To address this problem, we developed Serval, a framework that uses Rosette to verify low-level systems code fully automatically and with low proof burden (e.g., no code level annotations such as loop invariants). Of course, full automation is possible because we give up some generality, by requiring the components to have finite interfaces. It turns out that many OS components already do (or can be retrofitted to) satisfy this restriction, including security monitors and JIT compilers for in-kernel DSLs.
Serval implements verifiers for binaries written in RISCV, LLVM, BPF, and x86. To extend Serval with a verifier for a new target language, the developer simply writes a new Rosette interpreter for that target. Serval provides libraries for modeling the memory and dealing with unstructured control flow in a way that is amenable to efficient symbolic evaluation. Luke Nelson, the lead developer of Serval, added these verifiers to the framework in just a few weeks.

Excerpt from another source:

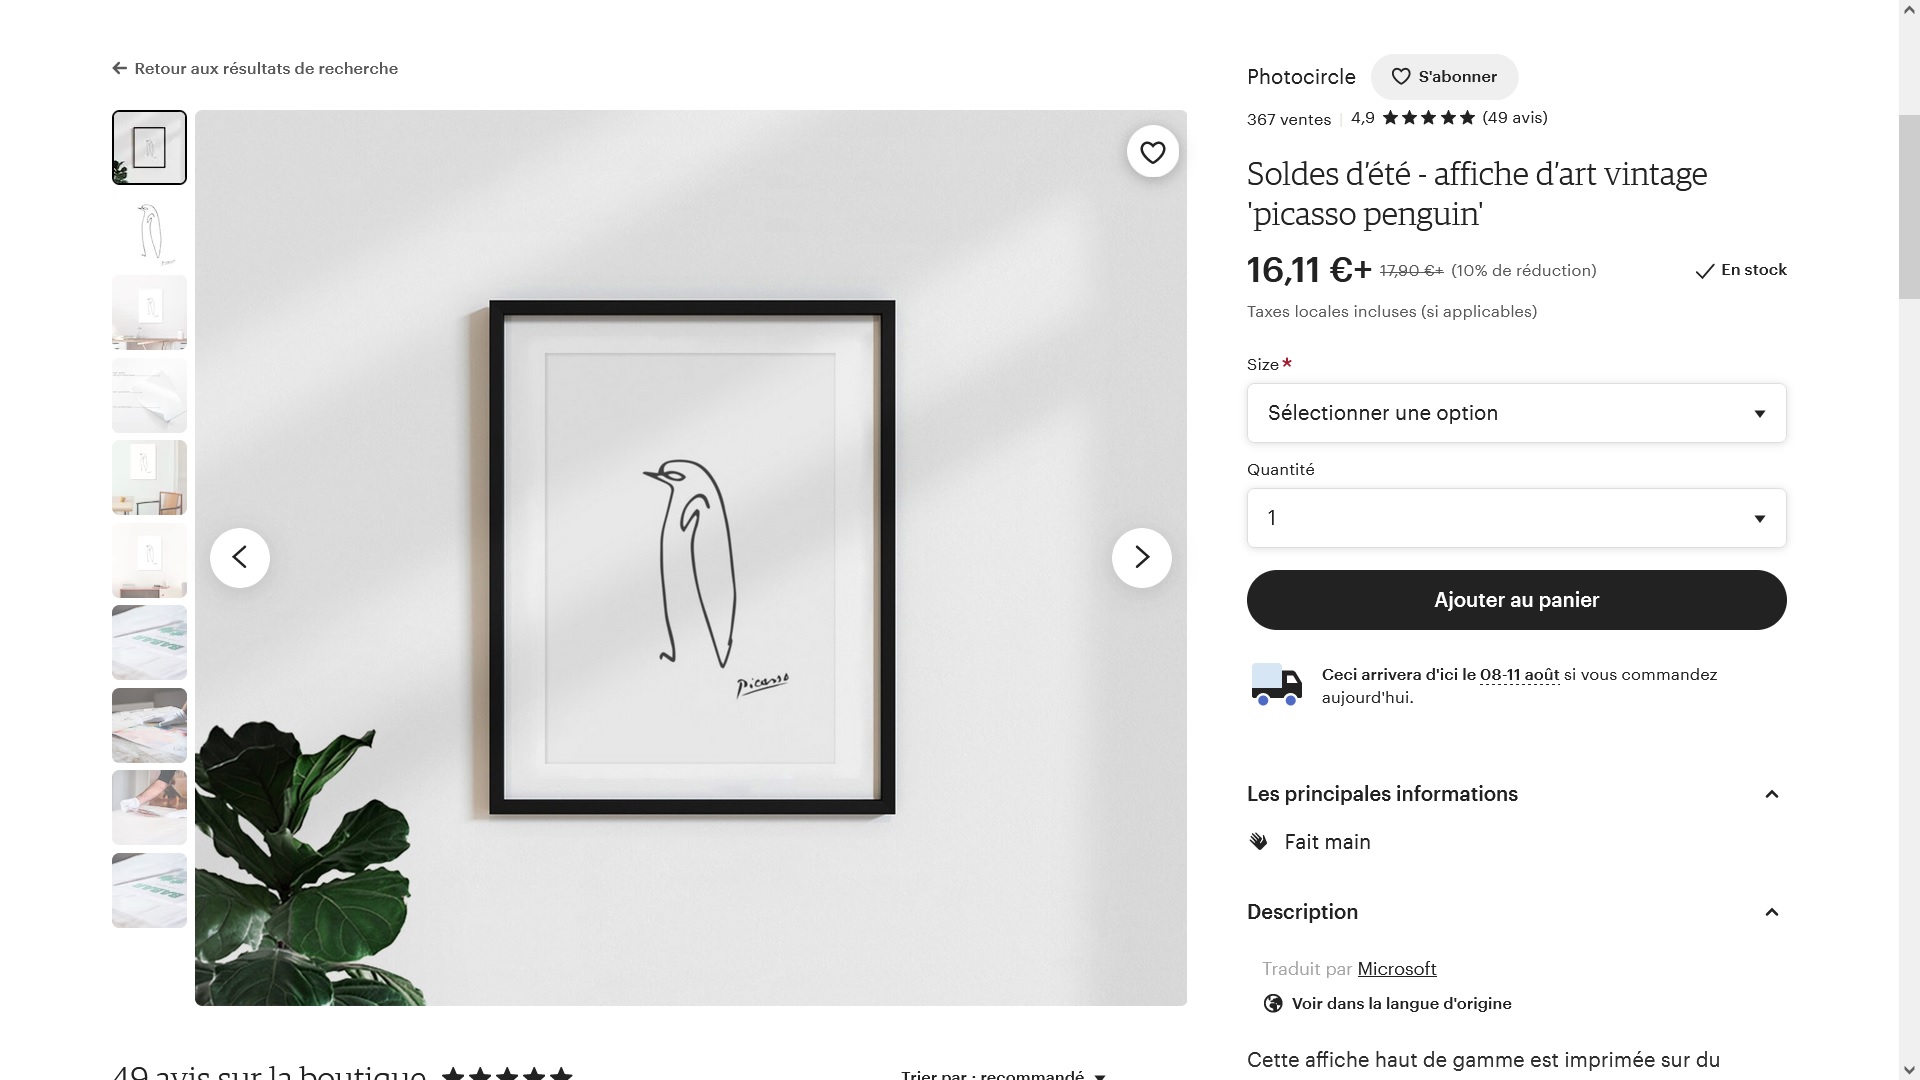 Le Poster du Pingouin de Picasso (PPP), comme un oiseau en cage. Toutes les révolutions sont un jour récupérées. Capture d'écran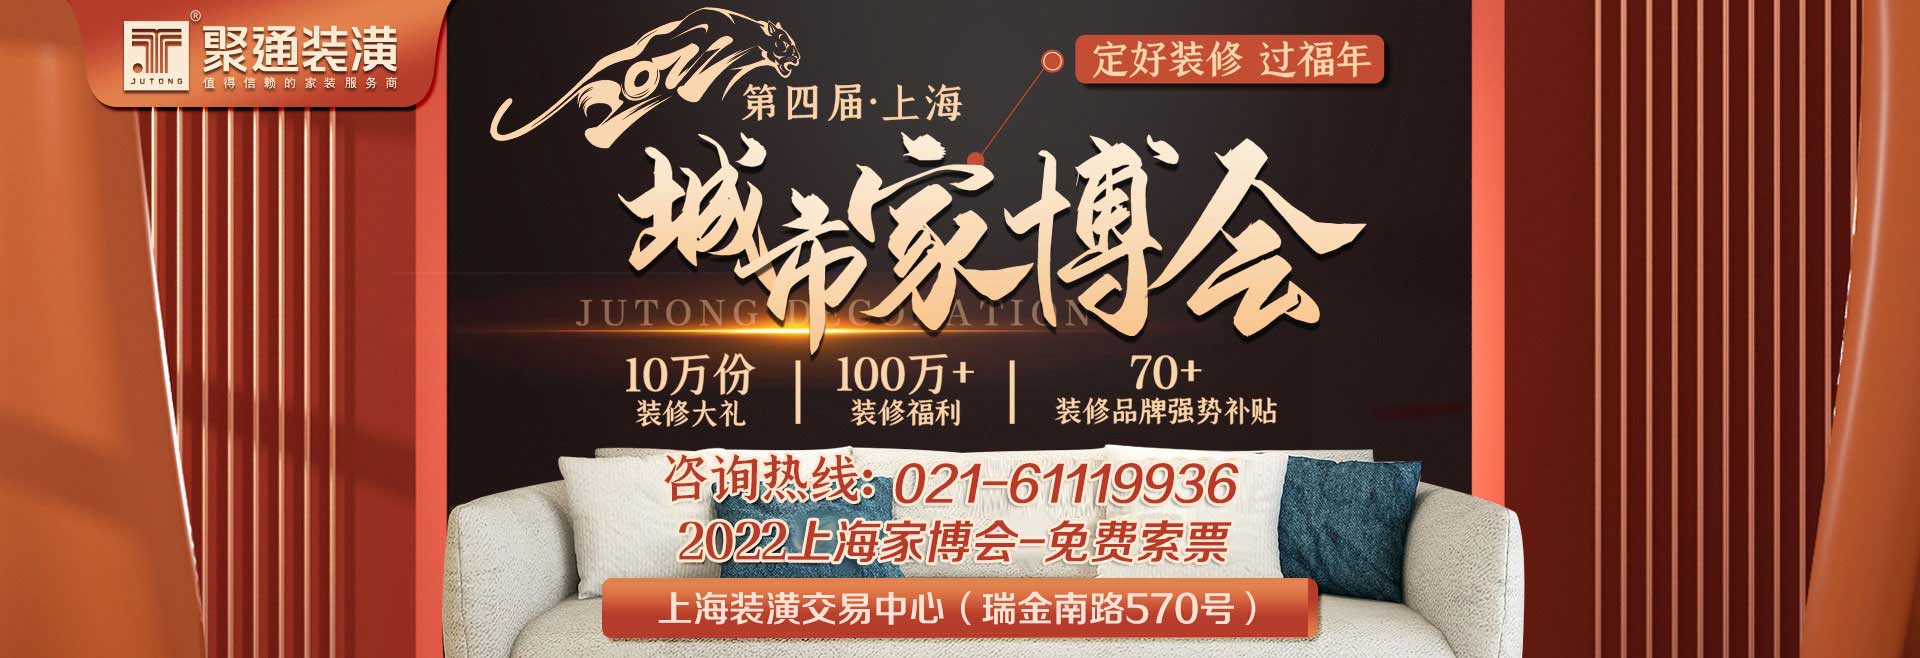 上海家博会广告图

We used Serval to verify three existing security monitors: CertiKOS, Komodo, and Keystone. The first two of these have been previously verified using Coq (CertiKOS) and Dafny (Komodo); replicating these efforts shows that Serval can prove key properties (e.g., non-interference) of system components with full automation and low developer burden. The third monitor (Keystone) is a previously unverified open-source system for RISCV, and while verifying it with Serval, we found both design-level bugs (violations of non-intereference) and implementation-level bugs (buffer overflows).
We have also used Serval to verify two Just-in-Time (JIT) compilers for the Berkeley Packet Filter (BPF) language that are part of Linux: one compiles BPF to 64-bit RISCV, and the other to 32-bit x86. The verification process revealed 15 bugs, which we patched and our patches were accepted by the Linux developers.